O início do mês de julho trouxe uma boa notícia para os agricultores brasileiros: uma empresa que desenvolve biotecnologia para combater pragas na lavoura anunciou um novo produto microbiológico à base de bacilos vivos (Bacillus thuringiensis – Bt) da variedade kurstaki.
O novo bioinseticida pode ser aplicado em conjunto com fertilizantes e, segundo seus desenvolvedores, pode auxiliar diversas culturas, pois seus agentes ativos combatem não somente a Helicoverpa zea e a Helicoverpa armigera, responsáveis por prejuízos nas lavouras de soja, milho e tomate, mas também a lagarta dos eucaliptos (Thyrinteina arnobia), o Bicho furão (Ecdytolopha aurantiana) que ataca os cítricos e as Traças das crucíferas (Plutella xylostella) no repolho.
No MAPA – o novo produto está registrado com a matrículo 39517 e é apresentado como eficiente para o controle de lagartas dentro de um programa de MIP (Manejo Integrado de Pragas).
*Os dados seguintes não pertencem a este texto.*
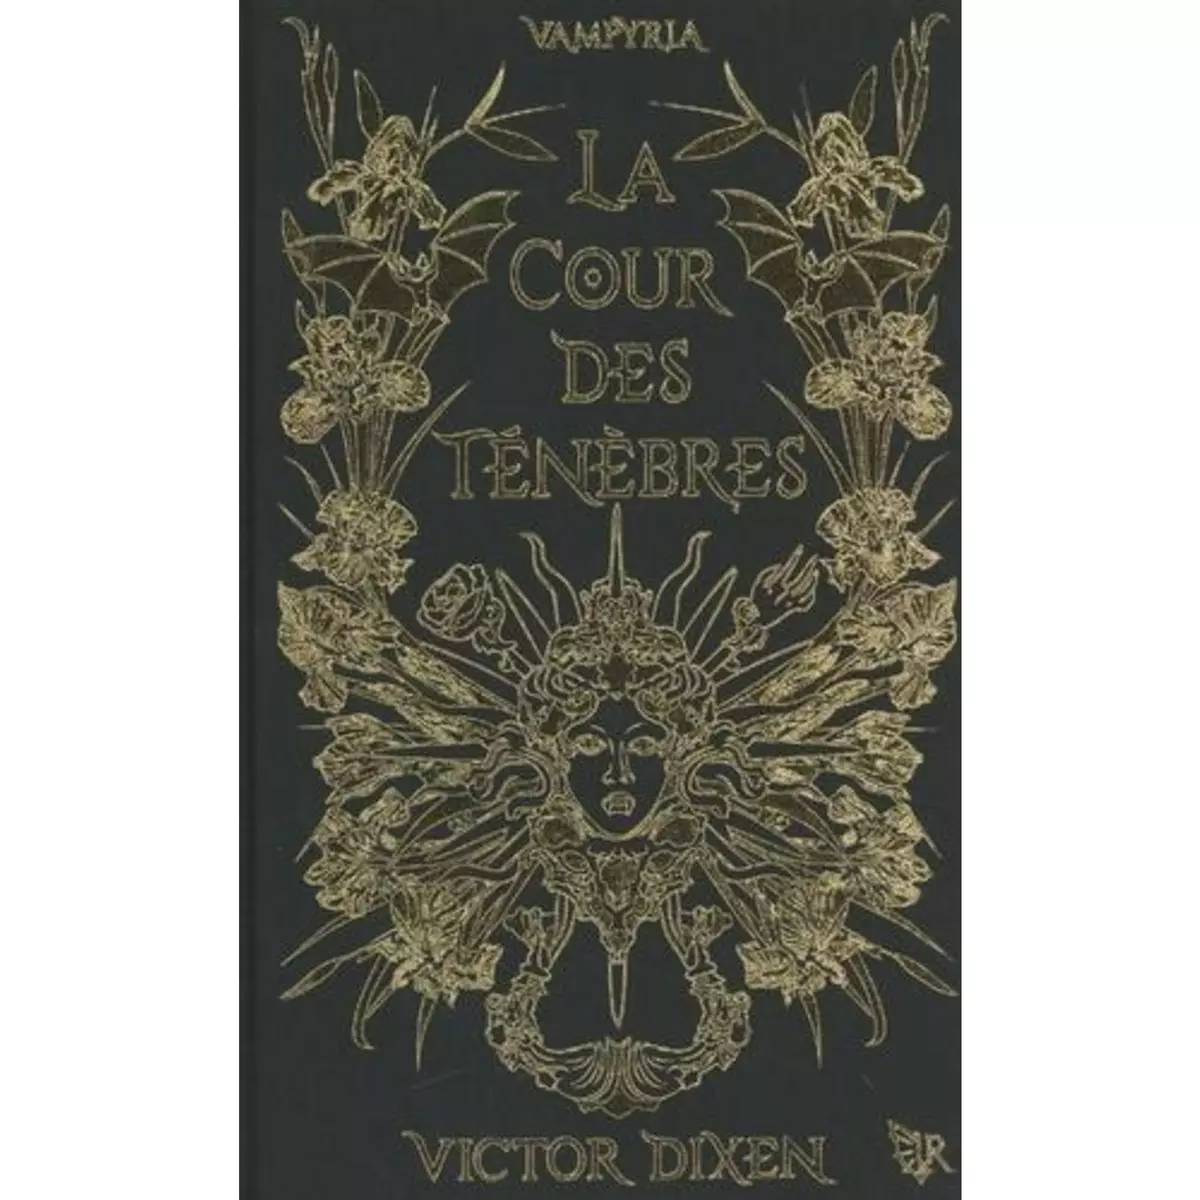  VAMPYRIA TOME 1 : LA COUR DES TENEBRES. EDITION LIMITEE, Dixen Victor

O bioinseticida aparece como uma possível resposta a um desafio que surgiu no início deste ano, descoberto por pesquisadores australianos: um híbrido de lagarta nascido do cruzamento da Helicoverpa armigera com a Helicoverpa zea, mais resistente a todos os inseticidas conhecidos no mercado mundial, conforme noticiado pelo CenárioMT.